The types of stem cell that can be extracted from accessible fetal tissues such as the umbilical cord and amniotic fluid are somewhat different to both adult stem cells and embryonic stem cells. Ultimately all of these various sources will go away in favor of cell reprogramming on the grounds that pretty much anything other than sourcing cells from a skin or blood sample from the patient in front of you is going to result in excessively costly treatments. It is simply too troublesome to manage the collection and preservation of fetal cells on an industrial scale unless it is the only useful alternative, which is not to mention that they cannot be patient-matched cells in any but the most rare of circumstances.
From a research perspective finding out what these various types of stem cell can achieve in terms of regenerative therapies is a necessary part of the process of guiding advances in cell programming. Embryonic and fetal stem cells provide aiming points and comparisons for cell reprogramming efforts, but that is only helpful if scientists know how to use these cells to produce therapies. Thus even as the production of induced pluripotent stem cells from ordinary skin cells is moving ahead, the first clinical trials are beginning, and researchers are becoming ever better at producing stem cells that are increasingly like those seen in various stages of embryonic development, it is still the case that various research groups are exploring what can be done with fetal and embryonic stem cells.
Here is an interesting review that notes fetal stem cells work in muscle regeneration in much the same way as other stem cell treatments have been shown to produce effects: they are not acting directly to restore tissue, but rather changing the signaling environment to alter the behavior of native cells. At some point the cell part of many cell therapies will fall away in favor of directly manipulating cell signaling, but there is still much to be discovered about which signals are needed and how to deliver them in a way that mimics the presence of stem cells.
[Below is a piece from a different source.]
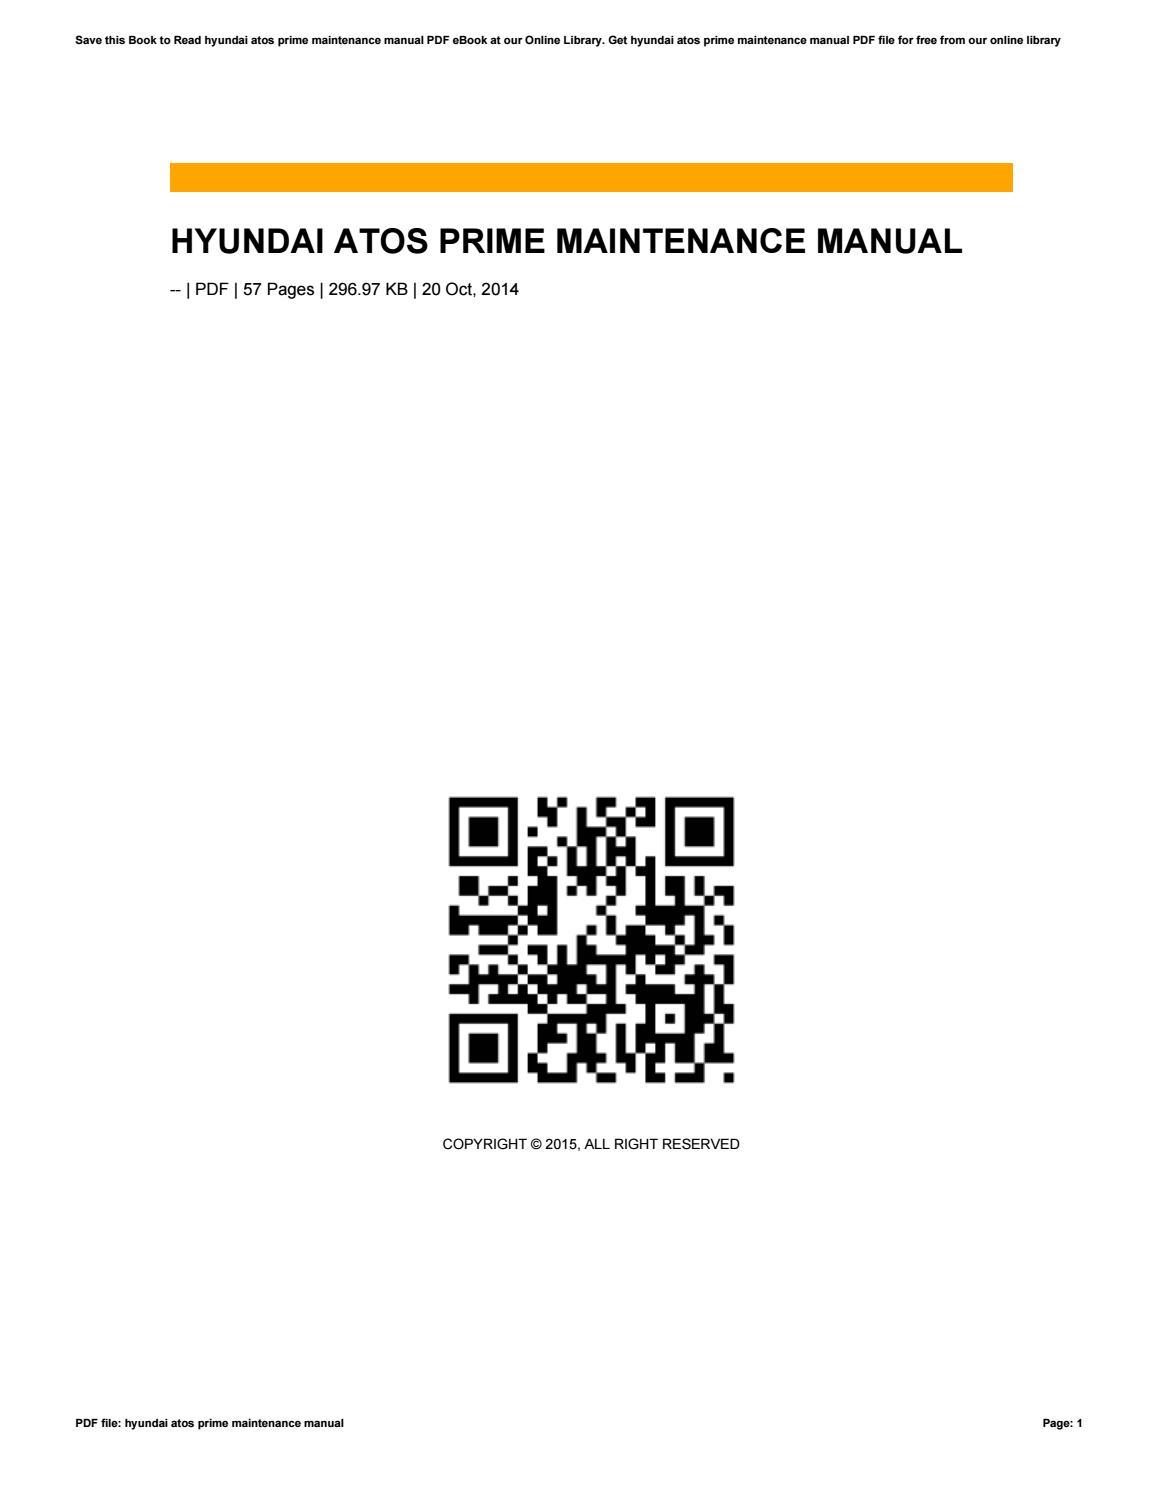 manual hyundai atos prime ebook rh manual hyundai atos prime ebook tempower us 2006 Hyundai Atos Prime hyundai atos prime repair manual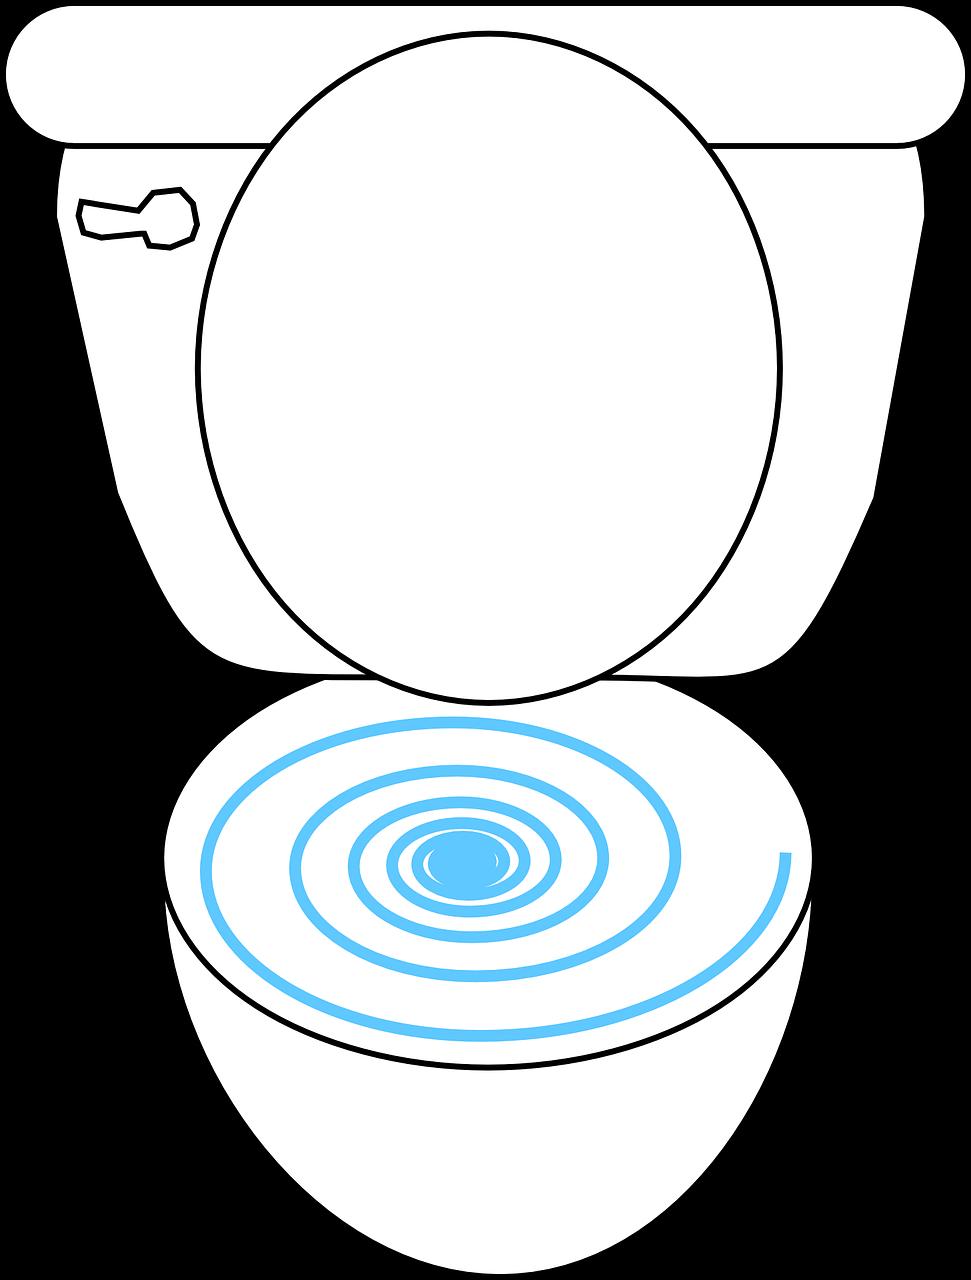 Dog poop clipart. Flushing flushable bags good

More than 40% of the body mass is represented by muscle tissue, which possesses the innate ability to regenerate after damage through the activation of muscle-specific stem cells, namely satellite cells. Muscle diseases, in particular chronic degenerative states of skeletal muscle such as dystrophies, lead to a perturbation of the regenerative process, which causes the premature exhaustion of satellite cell reservoir due to continuous cycles of degeneration/regeneration. Nowadays, the research is focused on different therapeutic approaches, ranging from gene and cell to pharmacological therapy, but still there is no definitive cure in particular for genetic muscle disease. Keeping this in mind, in this article, we will give special consideration to muscle diseases and the use of fetal derived stem cells as a new approach for therapy. Cells of fetal origin, from cord blood to placenta and amniotic fluid, can be easily obtained without ethical concern, expanded and differentiated in culture, and possess immune-modulatory properties. The in vivo approach in animal models can be helpful to study the mechanism underneath the operating principle of the stem cell reservoir, namely the niche, which holds great potential to understand the onset of muscle pathologies.
Muscle pathologies are devastating diseases and nowadays researchers still make efforts to find a cure and not a therapy alone. It has been demonstrated that, after injection in injured or diseased muscle, fetal stem cells act through a mechanism that is mostly due to a bystander effect rather than a direct differentiation. The indirect action is mainly supposed to enhance the production of cytokines, such as VEGF, that stimulate the temporary restoring of the tissue function. To obtain a long lasting action due to efficient cell integration and tissue repopulation, fetal stem cells need to be genetically modified, forcing their differentiation in tissue-specific cells. Nevertheless, the development of safe genetic manipulation methods could make cells of fetal origin appealing for therapeutic application.
Conversely, the long-term positive effect observed using freshly isolated murine amniotic fluid stem (AFS) cells, highlights that they could have a decisive role in replenishing the muscle stem cell niche, which represent the reservoir of cells able to rescue the defect. Indeed, AFS cells are a safe and immune-privileged cell source prone to integrate in muscle tissue. This knowledge opens the challenge to improve the culture protocol for the AFS cells of human origin, which, so far, is still a limit to overcome for future clinical application to treat genetic and non-genetic muscle dysfunctions (dystrophies, skeletal muscle malformations, traumatic injuries).